After staying at Disney`s Saratoga Springs Resort 
& Orange Lake - Country Club - River Island Resort
We are thinking about a third week here in Orlando

How does 
Horizons by Marriott Vacation Club at Orlando
compare in - amenties - unit size and decor ?

Does the resort preassign or can you request 
a newer - fresher - cleaner - 2 Bedroom Villa


----------



## spookykennedy (Jun 1, 2007)

We have not stayed at Horizons, but we picked Marriott Cypress Harbour over Horizons for an upcoming trip for several reasons:

1.  The decor and rooms at Horizons are supposedly "scaled down" from those at Cypress Harbour or Grande Vista. 

2. They have no jetted tub in the master.

3.  Potential highway noise.

Having said that, Horizons gets rave reviews by those with young kids, so perhaps we will try it next. We own at DVC and have stayed at many Marriott Vacation Club properties.  We generally enjoy the Marriotts, although I will say, when I drive by OKW I think I wish I could be there instead because of the location.

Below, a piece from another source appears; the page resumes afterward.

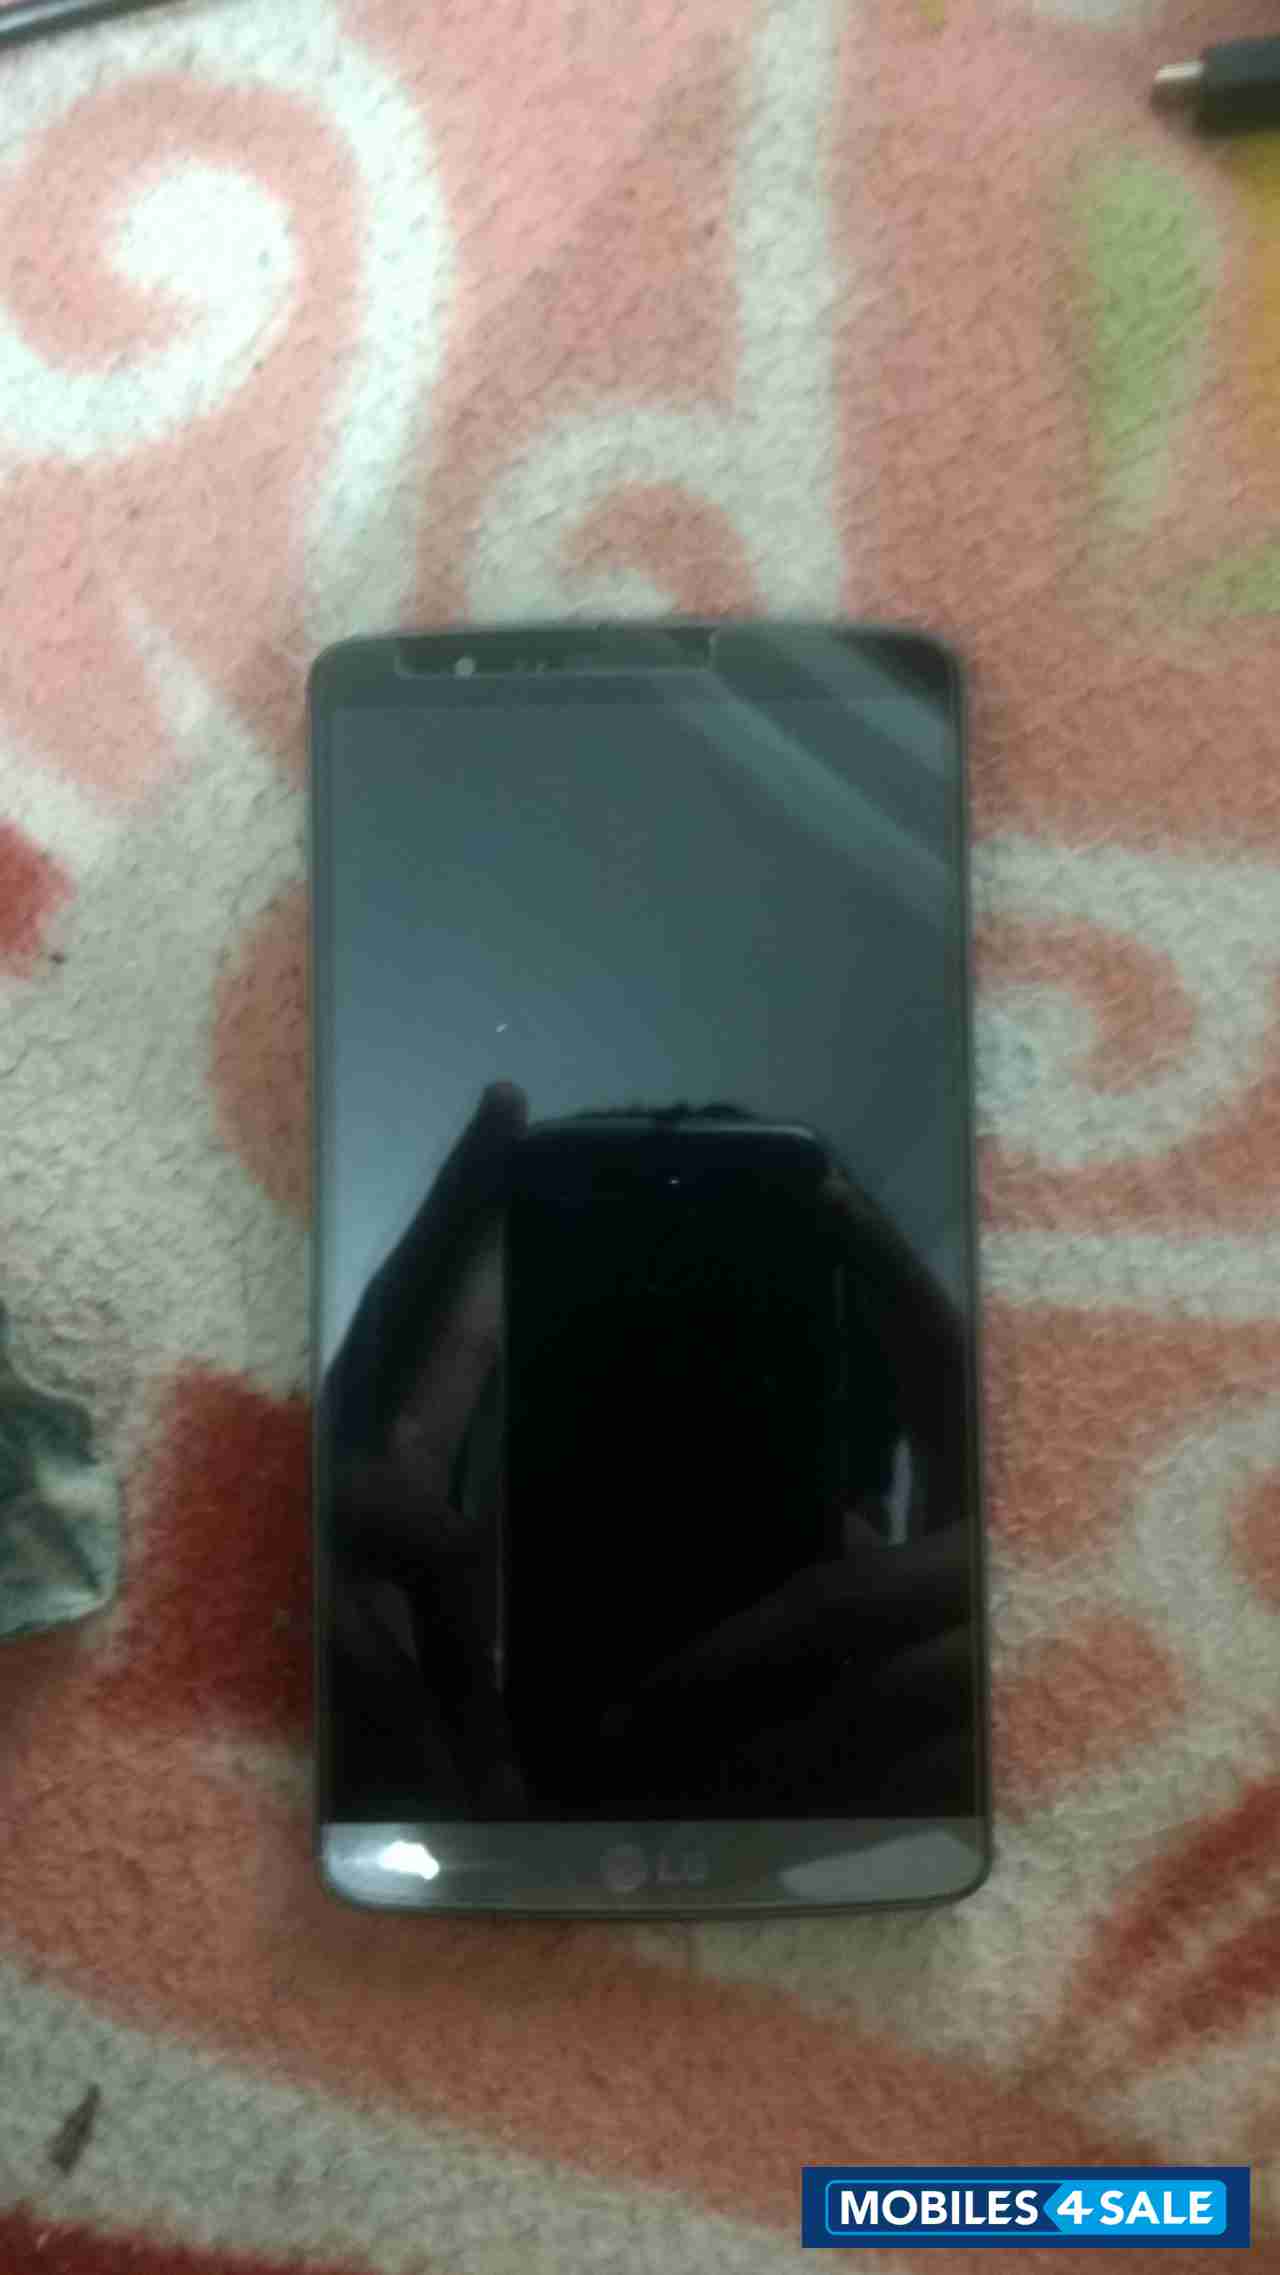 Metallic Black LG G3
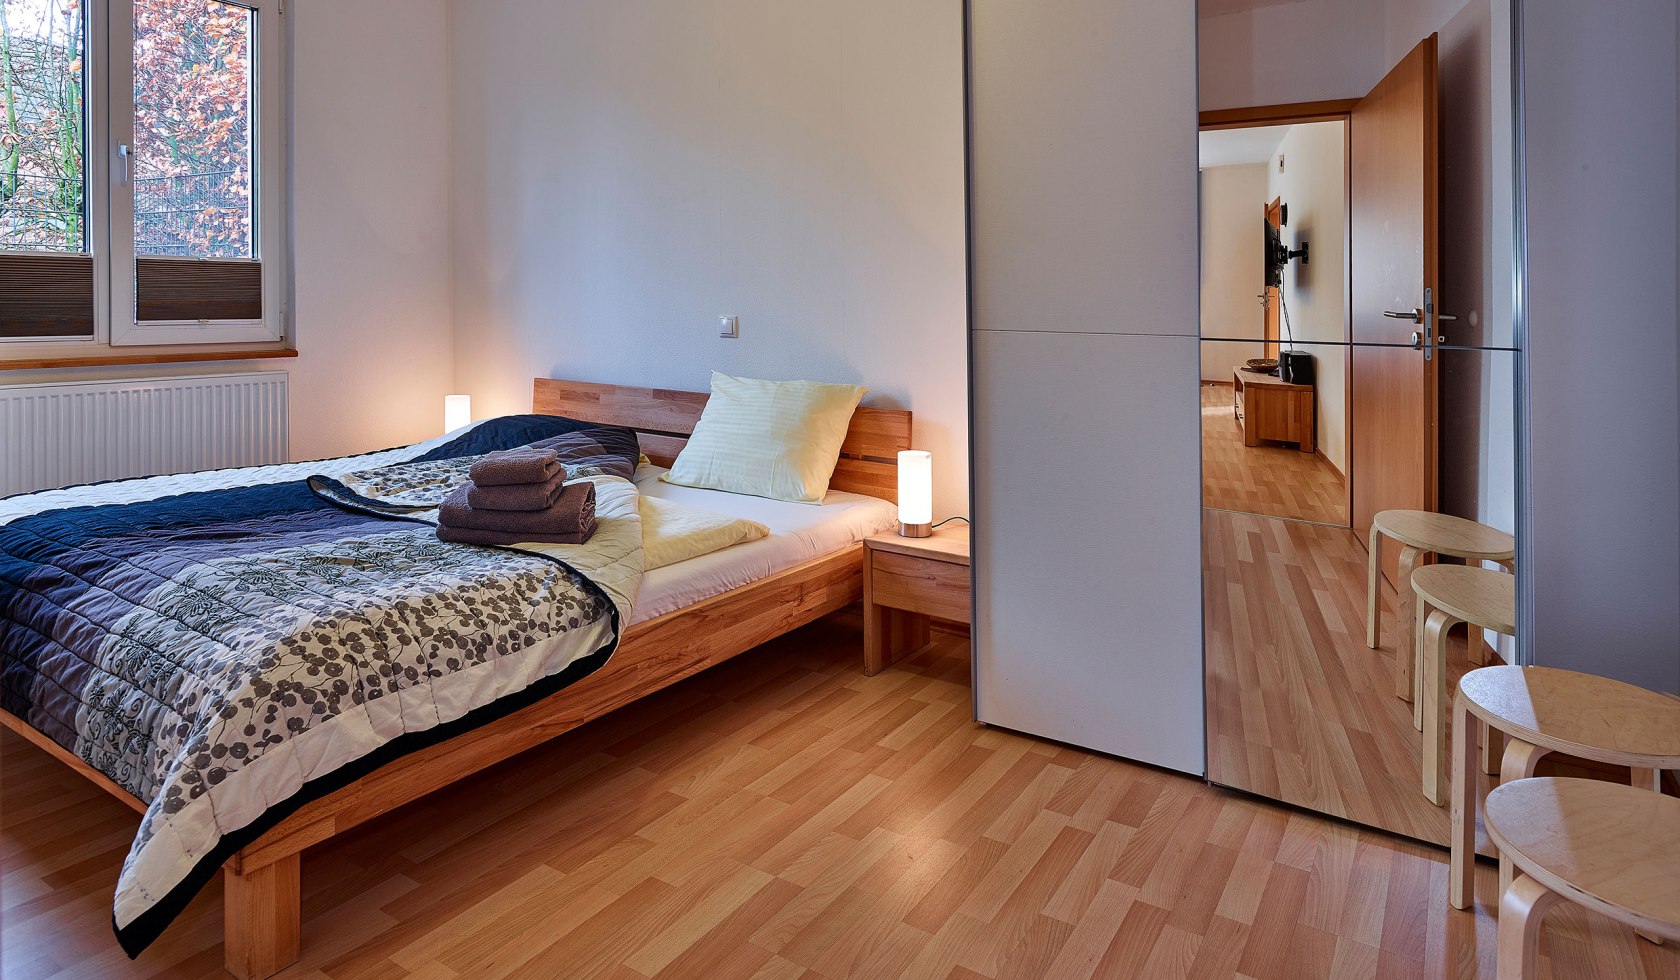 Einblick in das Schlafzimmer mit Doppelbett, Schrank und Holzfußboden, © Tierpark Nordhorn gGmbH / Franz Frieling

But, when we bring family it is easier/cheaper to do Marriott Vacation Club.


----------



## kaylasmom97 (Jun 1, 2007)

We have stayed at Horizon's this past Christmas, and LOVED it.  Yes it is "scaled down" when compared to Cypress Harbor and Grande Vista.  It is great for the kids.  The pool area is awesome, there is a putt-putt golf course, basket ball/volley ball courts.  The kids program seemed to have alot going, but we were always in Disney.  We have stayed at CH and GV before, we would pick Horizons again.  I'm trying to get into Horizon's with my AC over Christmas or new year's again.  

We have never heard the highway noise when we were there.  The rooms are clean and we thought bigger than at the GV.  Everyone was friendly and very accomodating.  We had a dedicated 2 BR unit.


----------